Alle diese Herausforderungen machen mehr Staatsintervention nötig, etwa in Form von Wirtschaftsregulierung, Investitionen in erneuerbare Energiequellen oder aktiver Industriepolitik. Auch die ideologische Sprache der Politik ändert sich. Statt von der Entfesselung der Märkte und den Verheißungen der Globalisierung zu reden oder von Austerität und Alternativlosigkeit, wie nach der Wirtschaftskrise, schwelgt das Herrschaftspersonal des Westens derzeit in Visionen einer durch gemeinsame Kraftanstrengung erreichbaren besseren Zukunft. Die EU verspricht einen »Green Deal« und US-Präsident Joe Biden verheißt mit dem Slogan »Build Back Better« ambitionierte Investitionen in Infrastruktur und Sozialstaat.

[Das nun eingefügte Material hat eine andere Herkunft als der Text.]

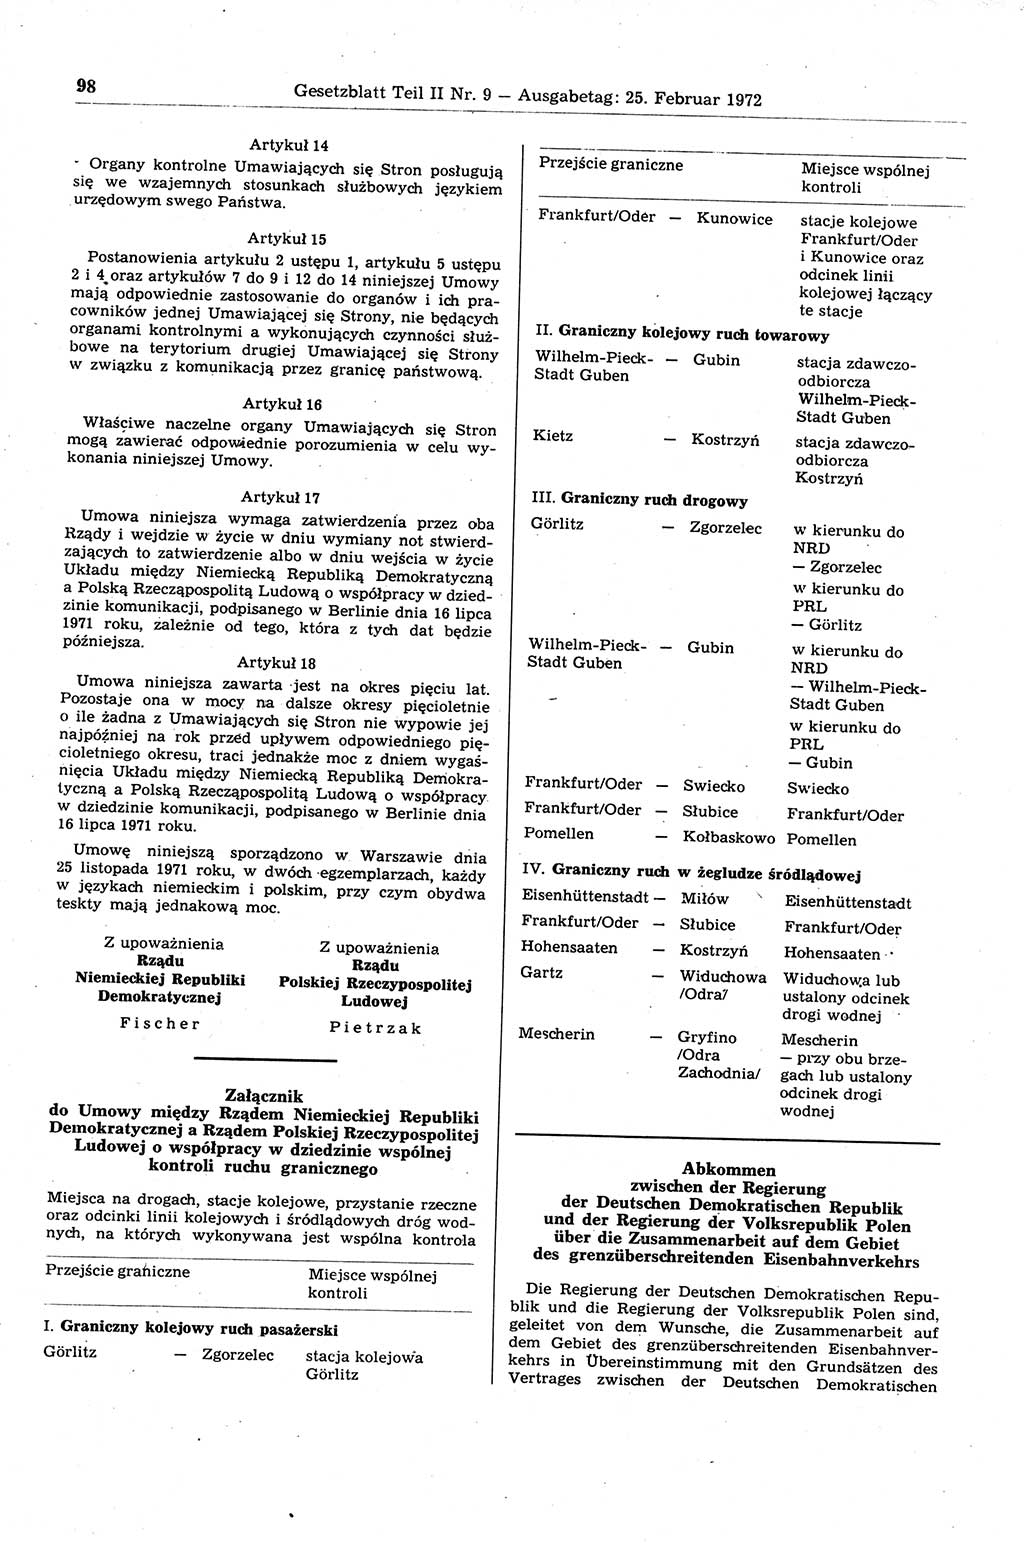 Gesetzblatt (GBl.) der Deutschen Demokratischen Republik (DDR) Teil ⅠⅠ 1972, Seite 98 (GBl. DDR ⅠⅠ 1972, S. 98)

Doch auch wenn der aufgeklärte Flügel der Bourgeoisie derzeit einige Forderungen nach ökologischem Umbau und sozialer Gerechtigkeit zu erfüllen verspricht, handelt es sich vor allem um Versuche, mit Krisen umzugehen, ohne dass es zu einer Beeinträchtigung der Kapitalverwertung kommt. Die wachsende Rolle des Staats führt – wie schon in der Pandemie – nicht zu tieferen gesellschaftlichen Veränderungen, sondern soll das Bestehende schützen.

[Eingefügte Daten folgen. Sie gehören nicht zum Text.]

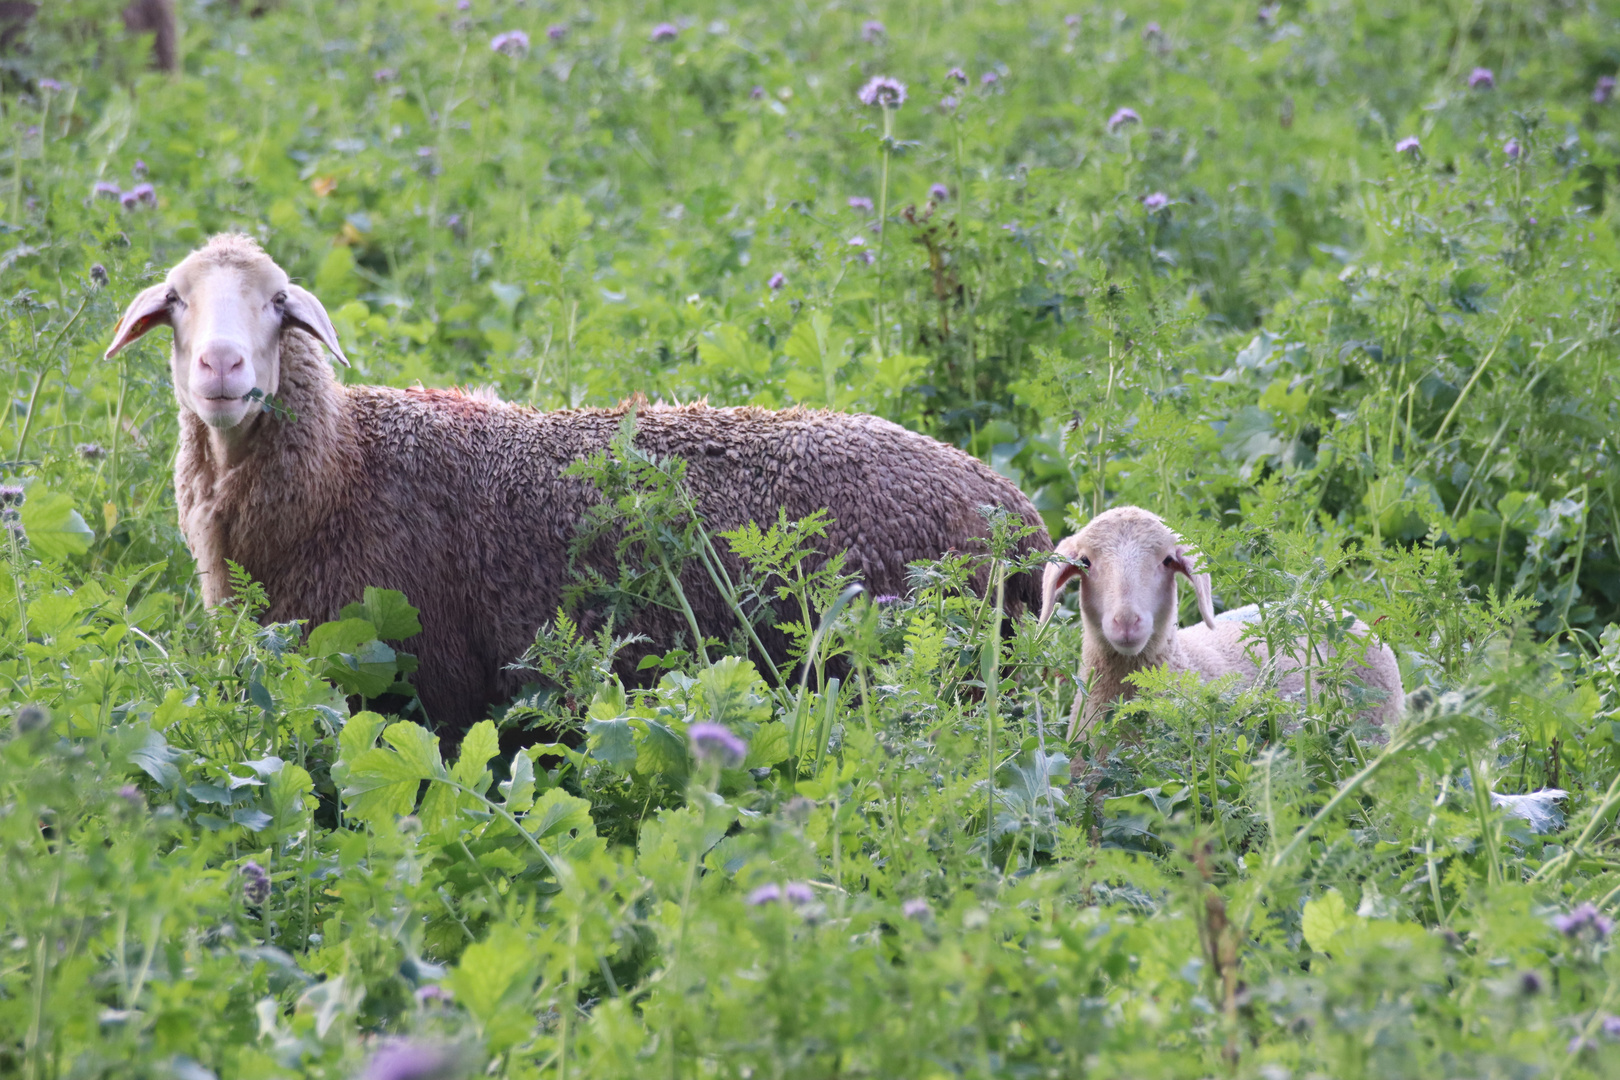 Schafe auf Blühwiese

Überhaupt kann die Rhetorik einer stärkeren Staatlichkeit nicht nur progressive Forderungen aufgreifen, sondern auch rechte und nationalistische. 2018 zirkulierte in der EU, erfunden von der damaligen rechten Regierung Österreichs und aufgegriffen besonders vom französischen Präsidenten Emmanuel Macron, der Slogan »Ein Europa, das schützt«. Macron wollte damit eine Antwort des politischen Establishments auf den Rechtspopulismus formulieren. Eine stärkere, souveräne EU, so Macron, müsse ihre Bevölkerung »vor den Schocks der modernen Welt schützen«, unter anderem durch härtere Kontrollen der Grenzen.

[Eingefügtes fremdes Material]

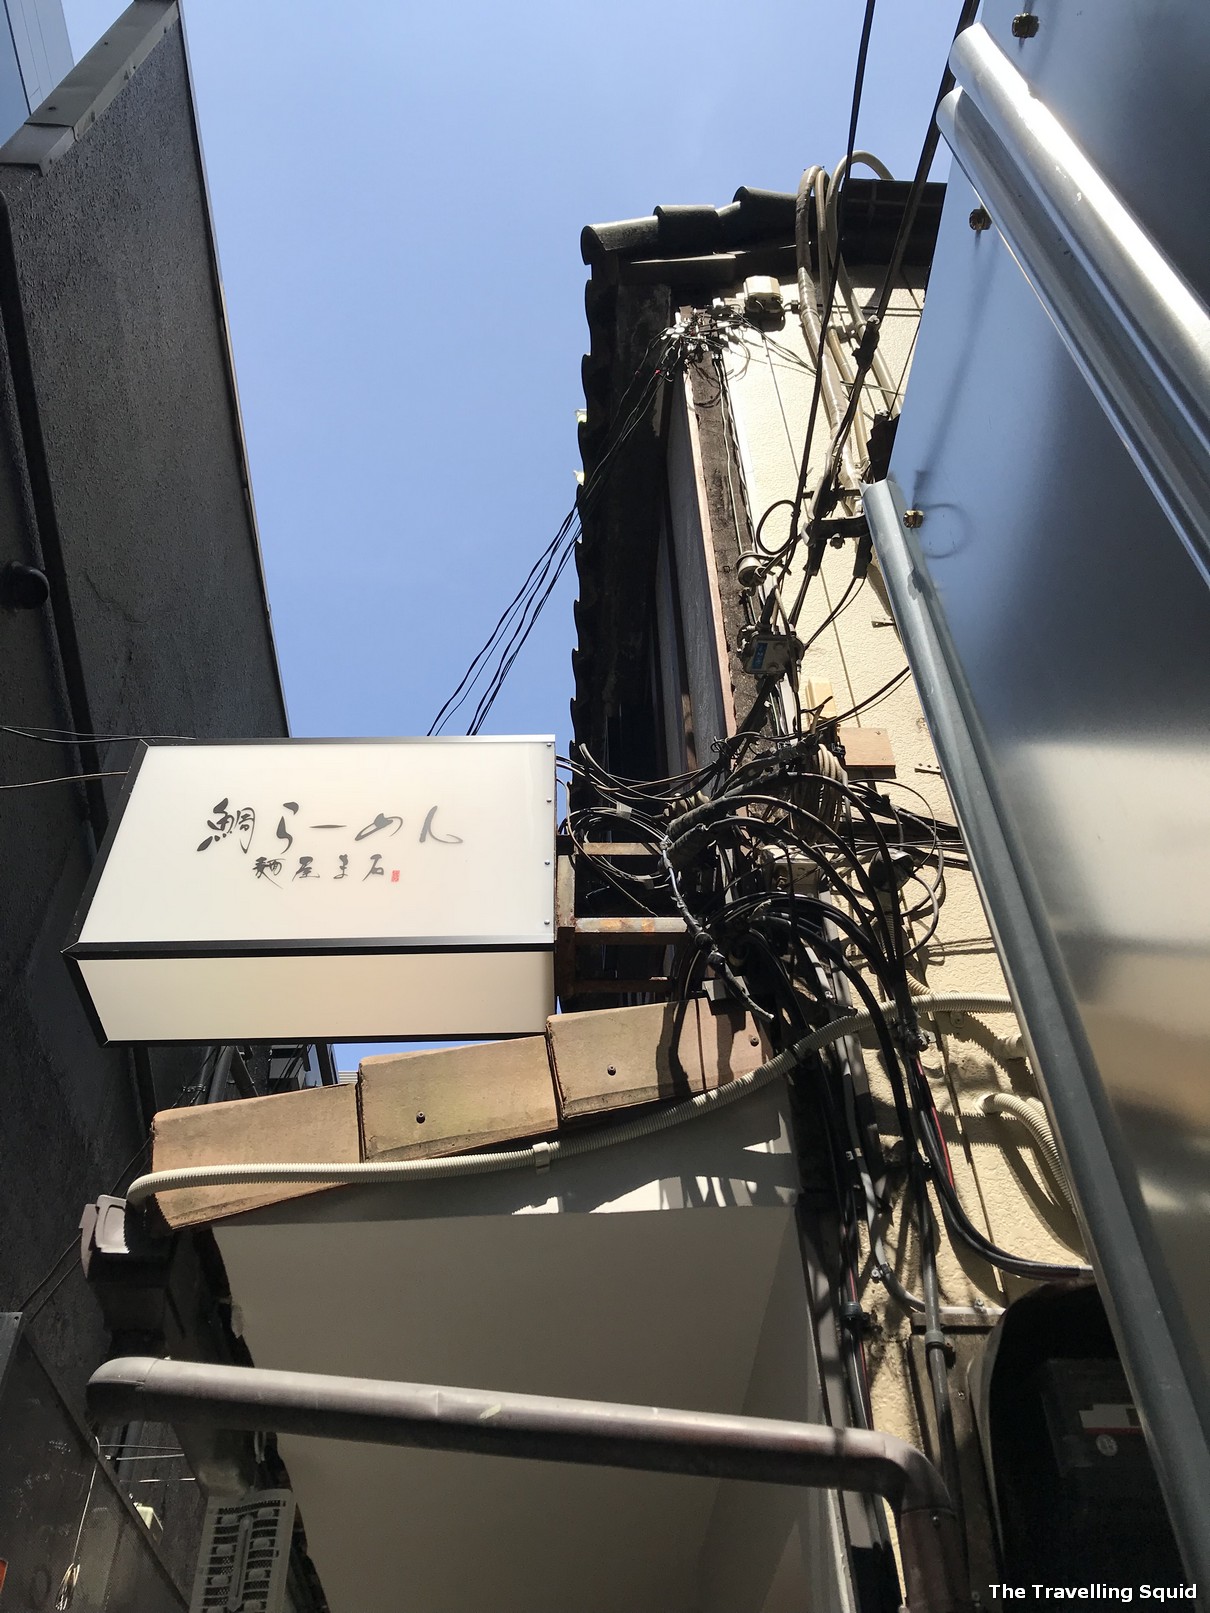 sea bream ramen at Menya Maishi in Ginza Tokyo

Der Staat ist ein Instrument, mit dem im Kapitalismus soziale und allgemeinwohlorientierte Maßnahmen durchgesetzt werden können, sichert aber primär die Grundlagen für die Geschäfte der Kapitalistenklasse. Auch verfolgt er vor allem nationale Interessen, selbst wenn es um globale Probleme wie die Pandemie oder den Klimawandel geht, von Armut und Unterentwicklung ganz zu schweigen. Wenn der neue starke Staat vor allem dazu dient, im Interesse des Kapitals und bestenfalls noch der Mittelschicht der reichen und mächtigen Staaten auf die Herausforderungen unserer Zeit zu reagieren, mag sich das für die Linke anfühlen, als hätte sie Wind in den Segeln, aber gesellschaftliche Veränderungen wird es auf diesem Weg nicht geben.